Output the full listing exactly as written, with no pictures in it.

Supplied data:
========================================

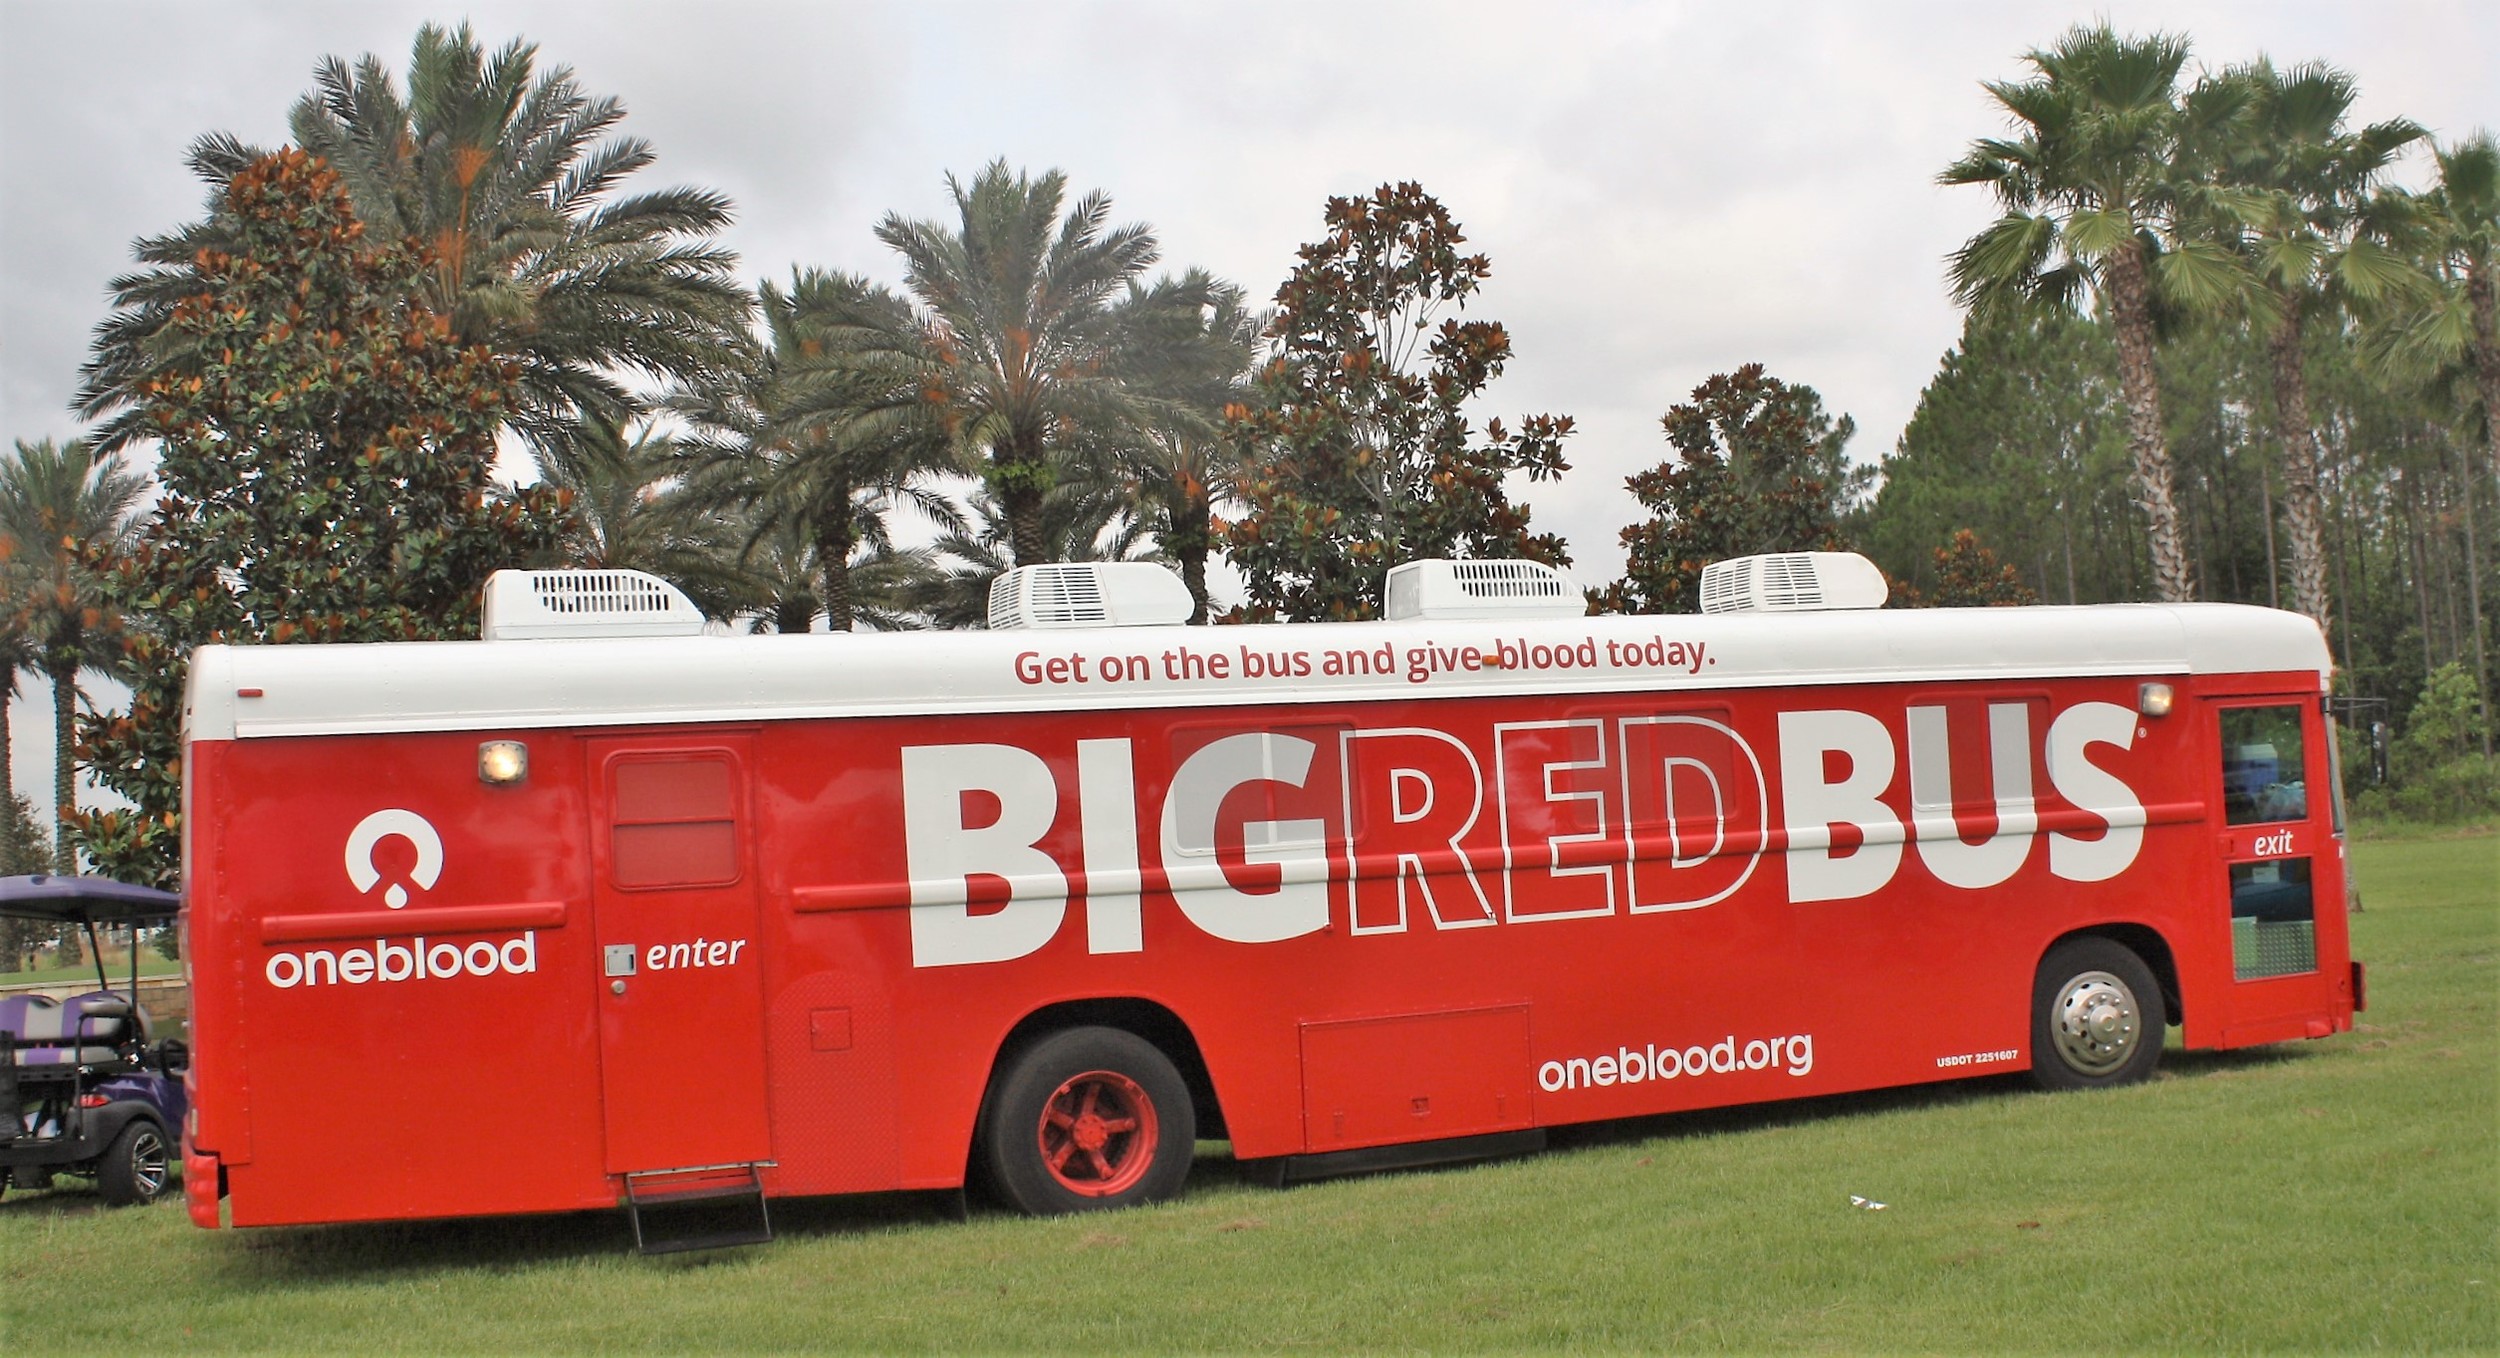 The OneBlood mobile blood unit was on hand to accept blood donations in the wake of the recent Orlando shooting.
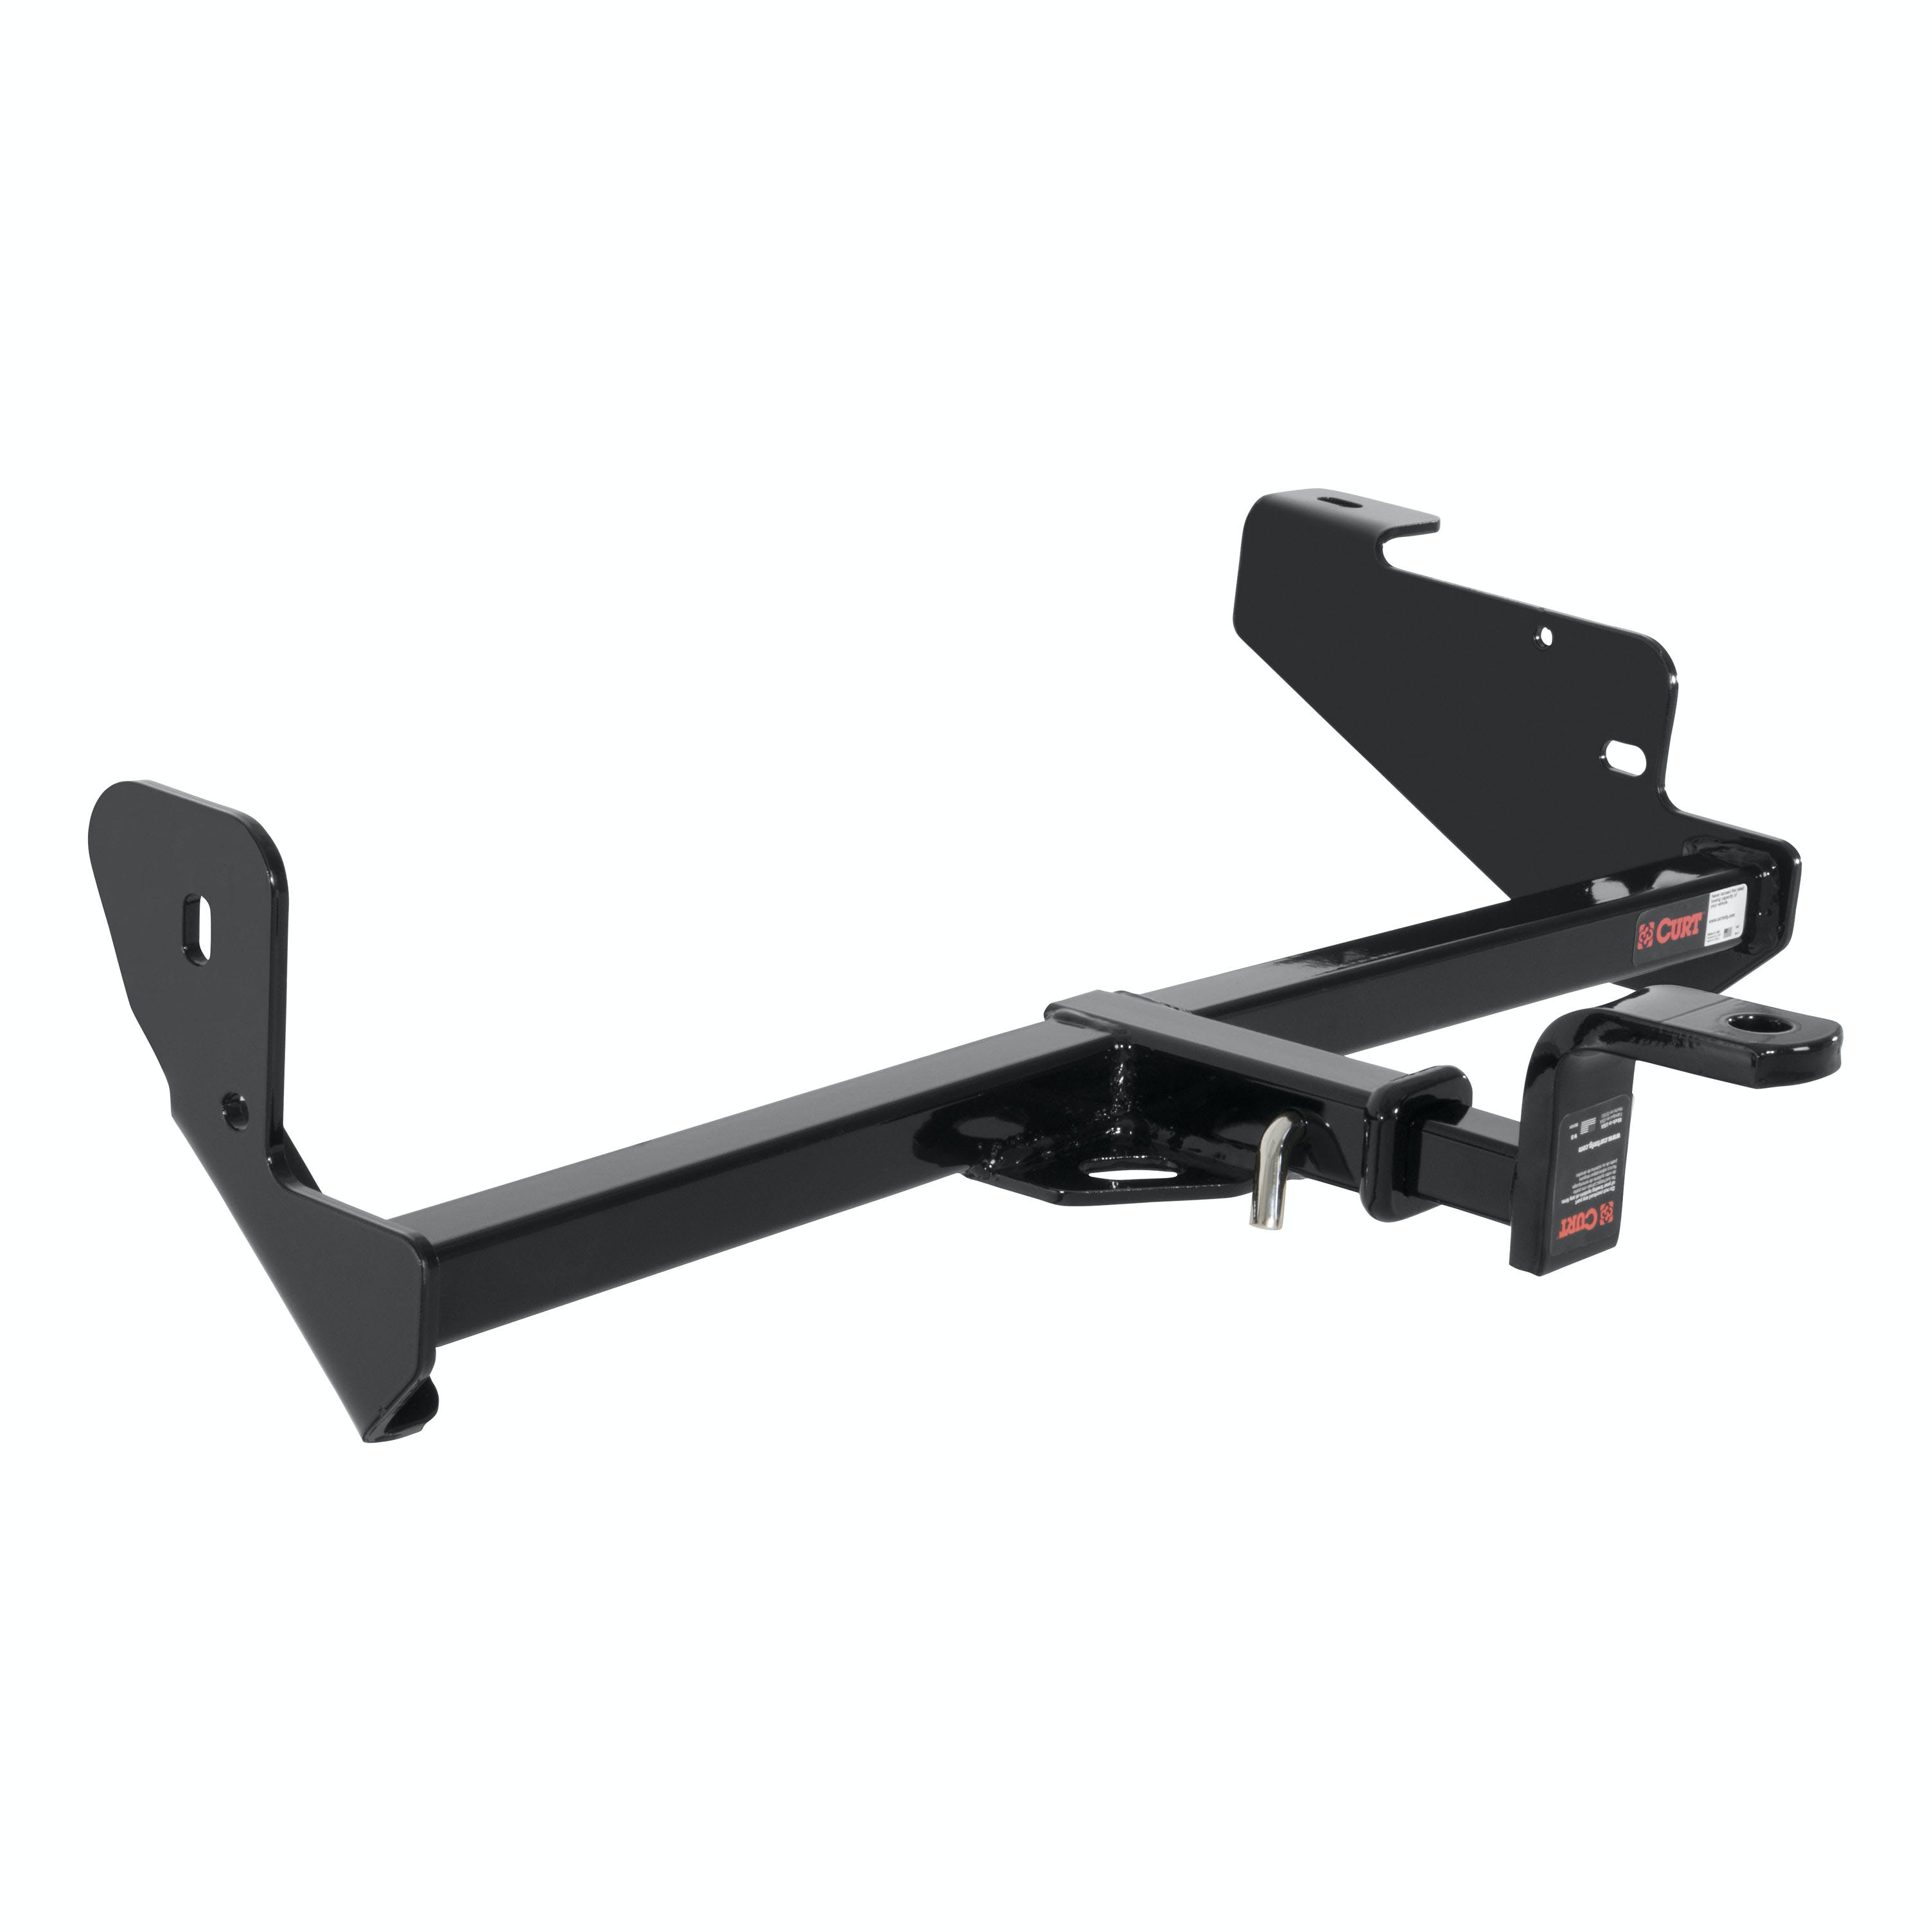 CURT 112943 Class 1 Trailer Hitch, 1-1/4 Ball Mount, Select Ford Focus
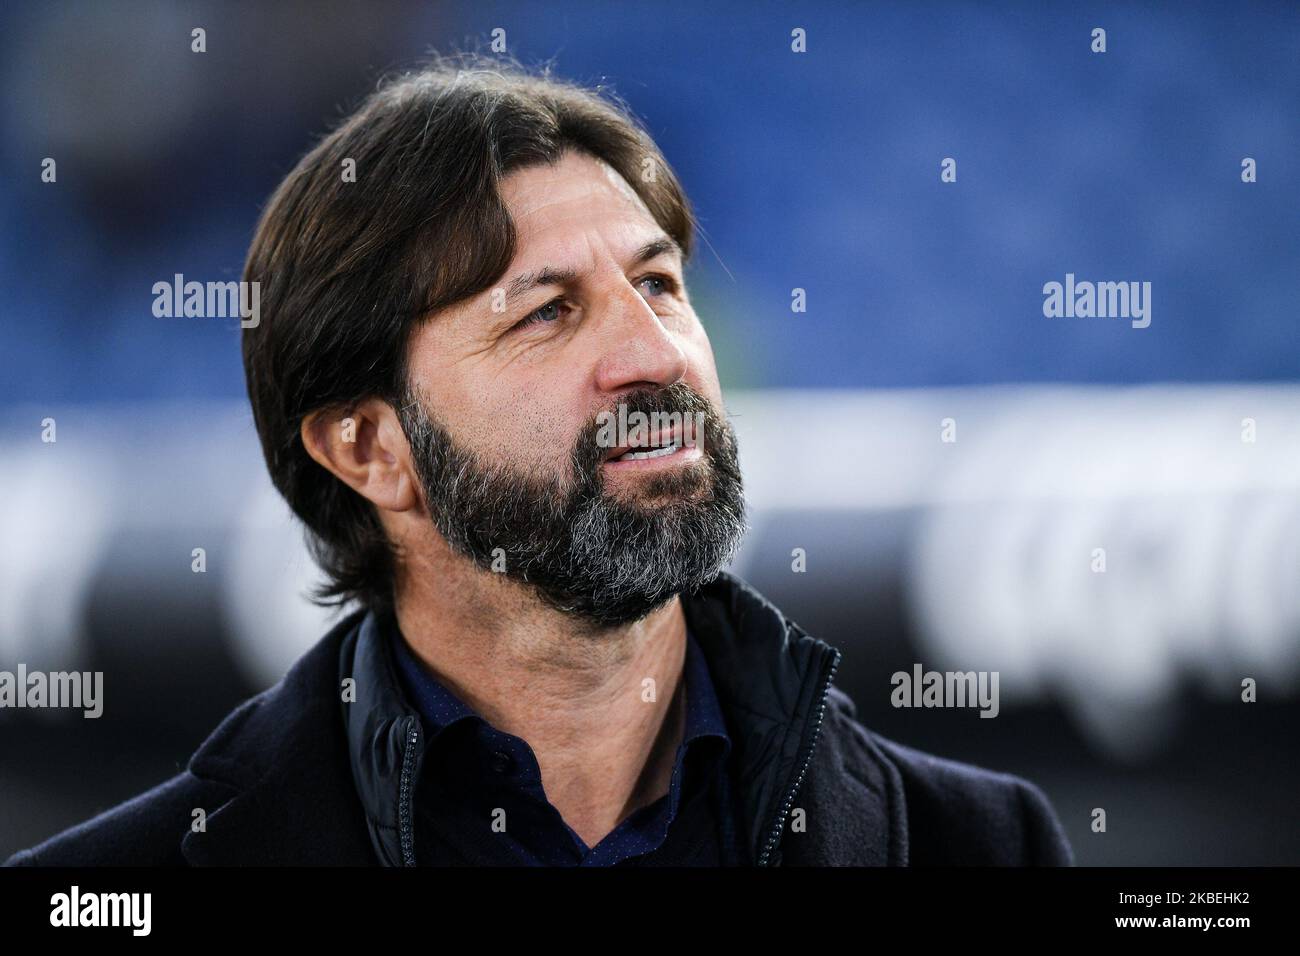 Massimo Rastelli manager of Cremonese during the Italian Cup match between Lazio and Cremonese at Stadio Olimpico, Rome, Italy on 14 January 2020. (Photo by Giuseppe Maffia/NurPhoto) Stock Photo

========================================

Task answer:
 The OneBlood mobile blood unit was on hand to accept blood donations in the wake of the recent Orlando shooting.
 CURT 112943 Class 1 Trailer Hitch, 1-1/4 Ball Mount, Select Ford Focus
 Massimo Rastelli manager of Cremonese during the Italian Cup match between Lazio and Cremonese at Stadio Olimpico, Rome, Italy on 14 January 2020. (Photo by Giuseppe Maffia/NurPhoto) Stock Photo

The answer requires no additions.